Survey data from the British Red Cross showed that 76% of people surveyed felt the UK needs to address underlying inequalities laid bare by Covid-19 that are impacting people’s ability to copy and recover from crisis. Other results included that 75% of people were concerned about a future global health emergency, and 61% felt climate change would impact on their lives. The organisation called for gaps in social and health care to be eliminated and for freedom from destitution for everyone.

A study into the impact of deprivation on child mortality, funded by NHS England, found a clear association between the two for all causes of death but cancer. Researchers estimated that close to 700 deaths could be prevented each year by steps to reduce deprivation, and called for an urgent government measures against child poverty like “greater investment in children’s benefits, tackling low pay, and addressing high costs such as rent and childcare”.
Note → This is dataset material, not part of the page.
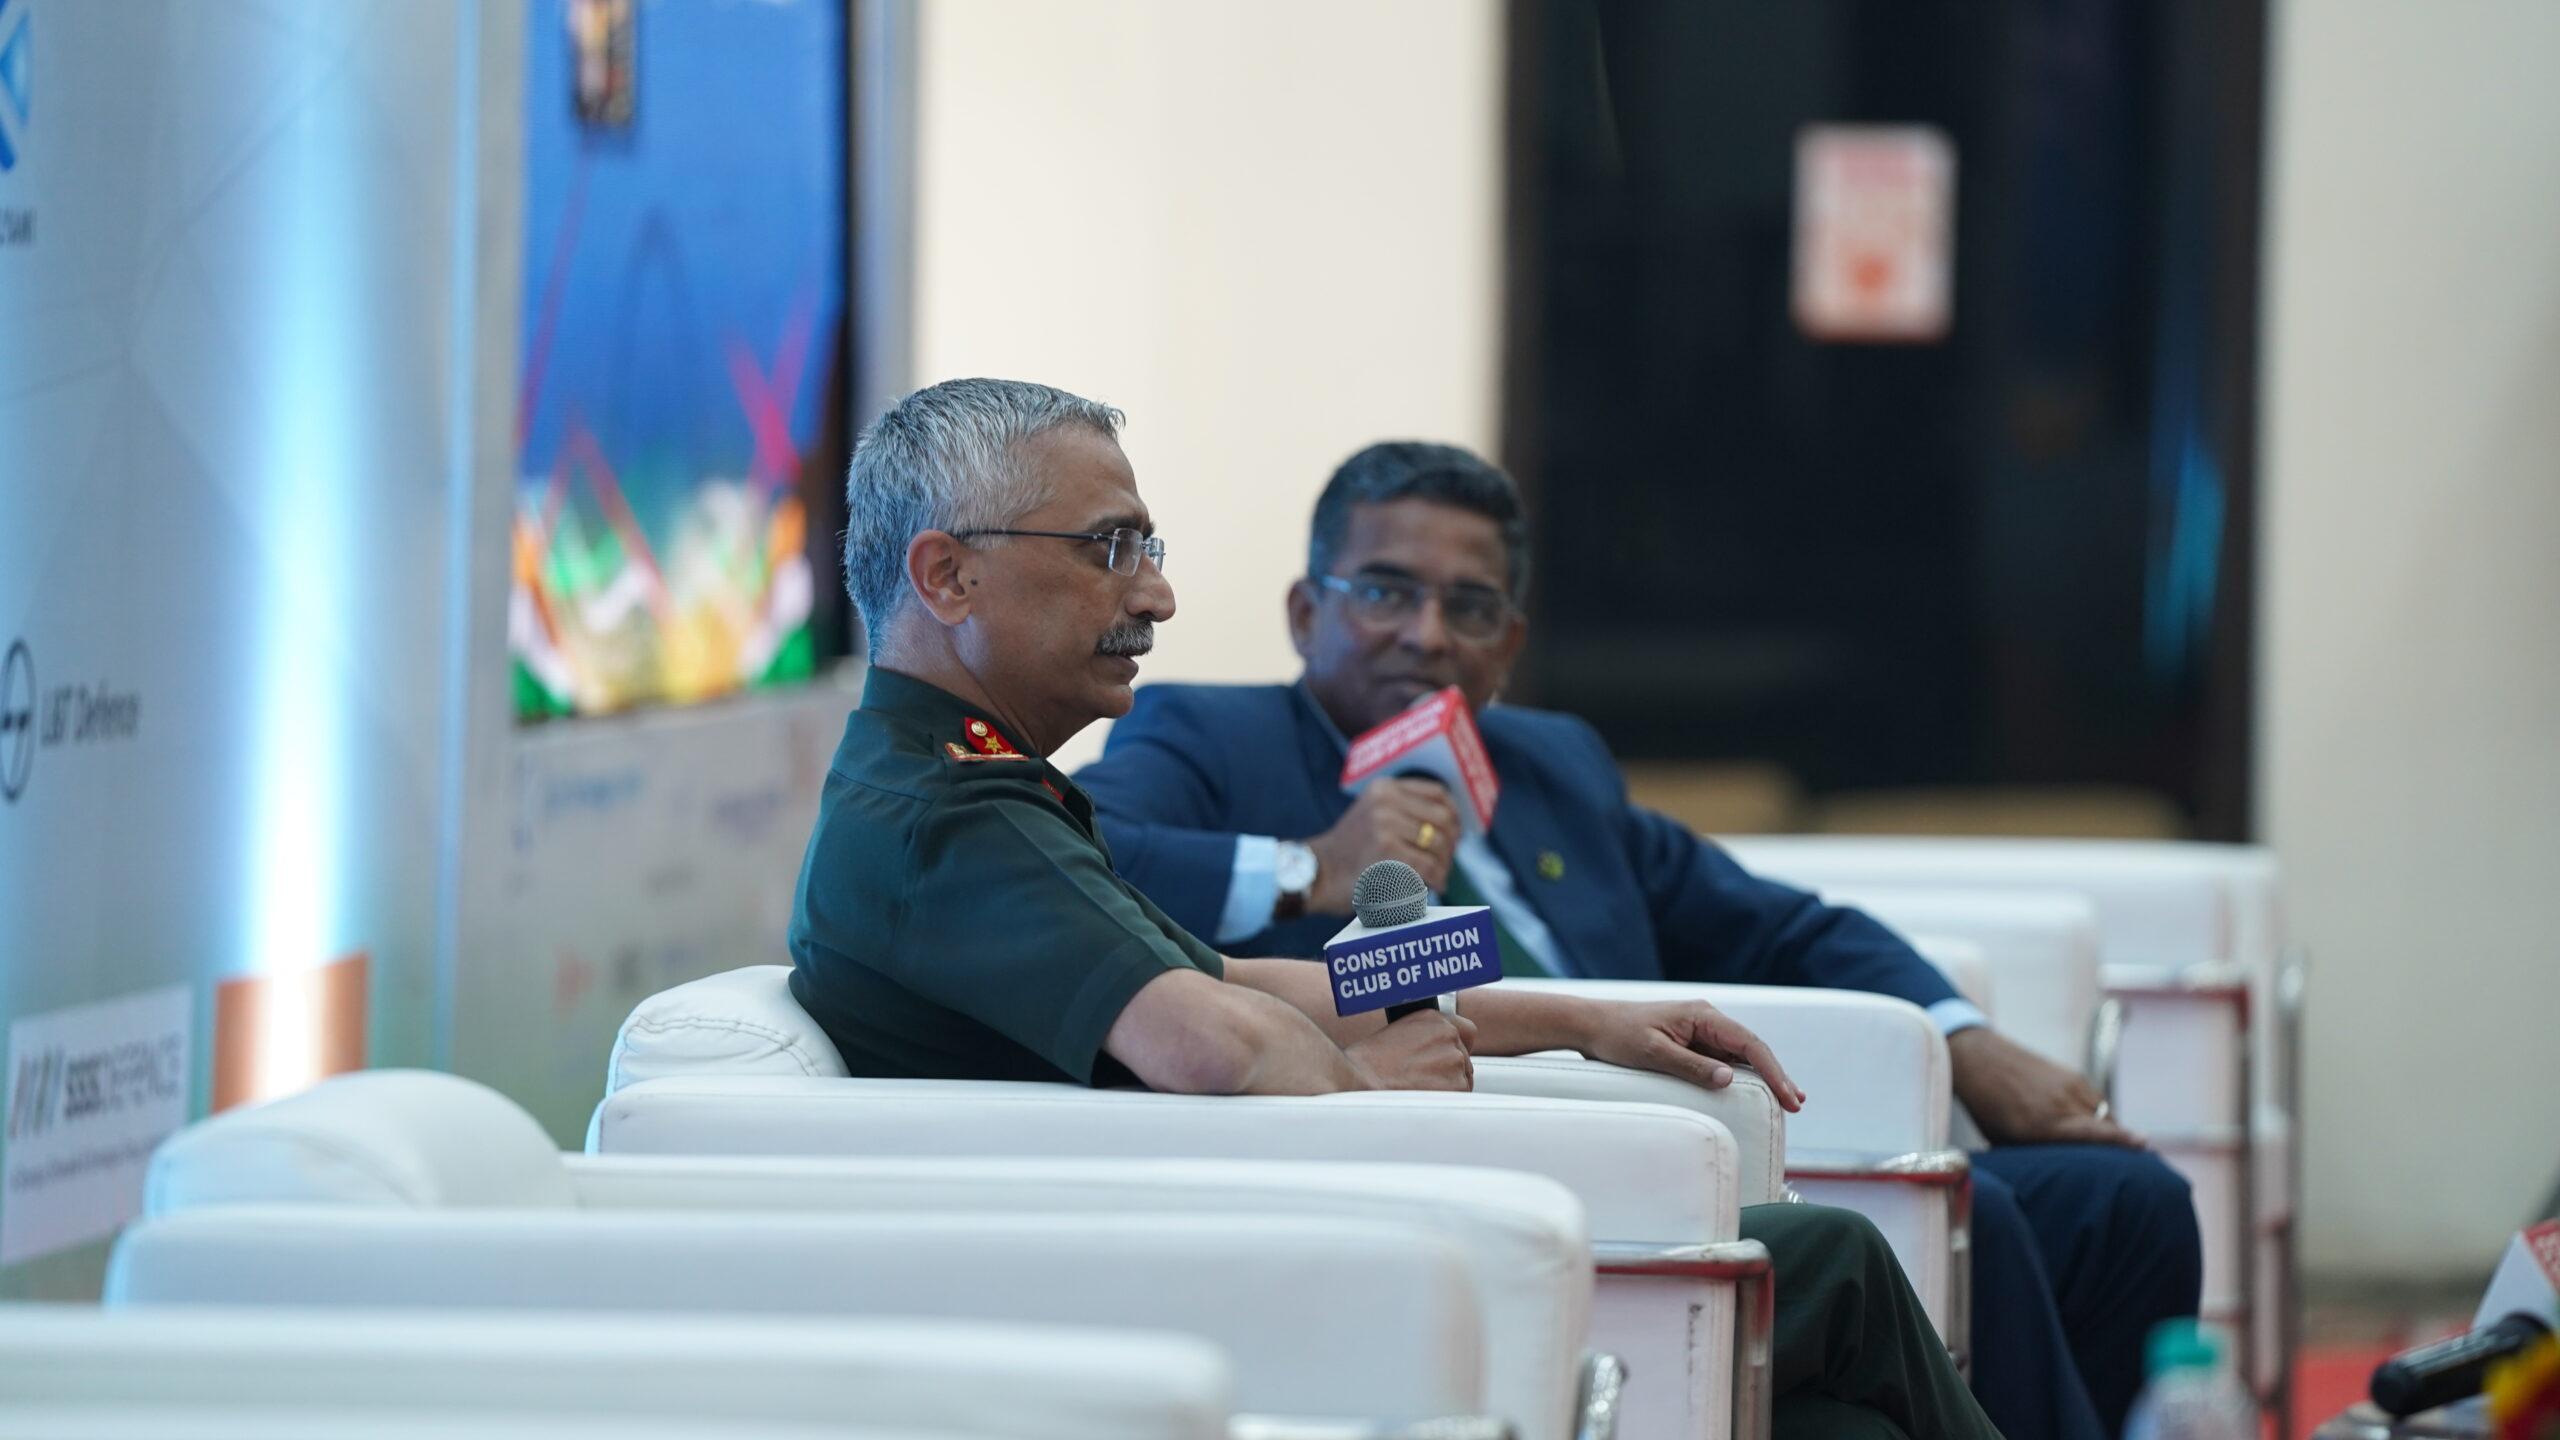 Ladakh Standoff: Breakthrough in India-China Talks Imminent

The World Health Organisation-commissioned Independent Panel for Pandemic Preparedness and Response presented its findings, highlighting “failures and gaps in international and national responses” to Covid-19 and recommending an over-arching pandemic preparedness and response system to prevent the same in future. Specifically on vaccines, the panel called on high-income countries with a vaccine pipeline, like the UK, to “commit to provide to the 92 low and middle income countries of the Gavi COVAX Advance Market Commitment, at least one billion vaccine doses no later than 1 September 2021 and more than two billion doses by mid-2022”.

Period Poverty in NI

The Department for the Economy announced a pilot project from September 2021 to provide period products free of charge during the academic year for students attending Ulster University, Queen’s University Belfast, Stranmillis University College and St Mary’s University College. It said free period products are already provided in the majority of campuses across Northern Ireland’s six further education colleges.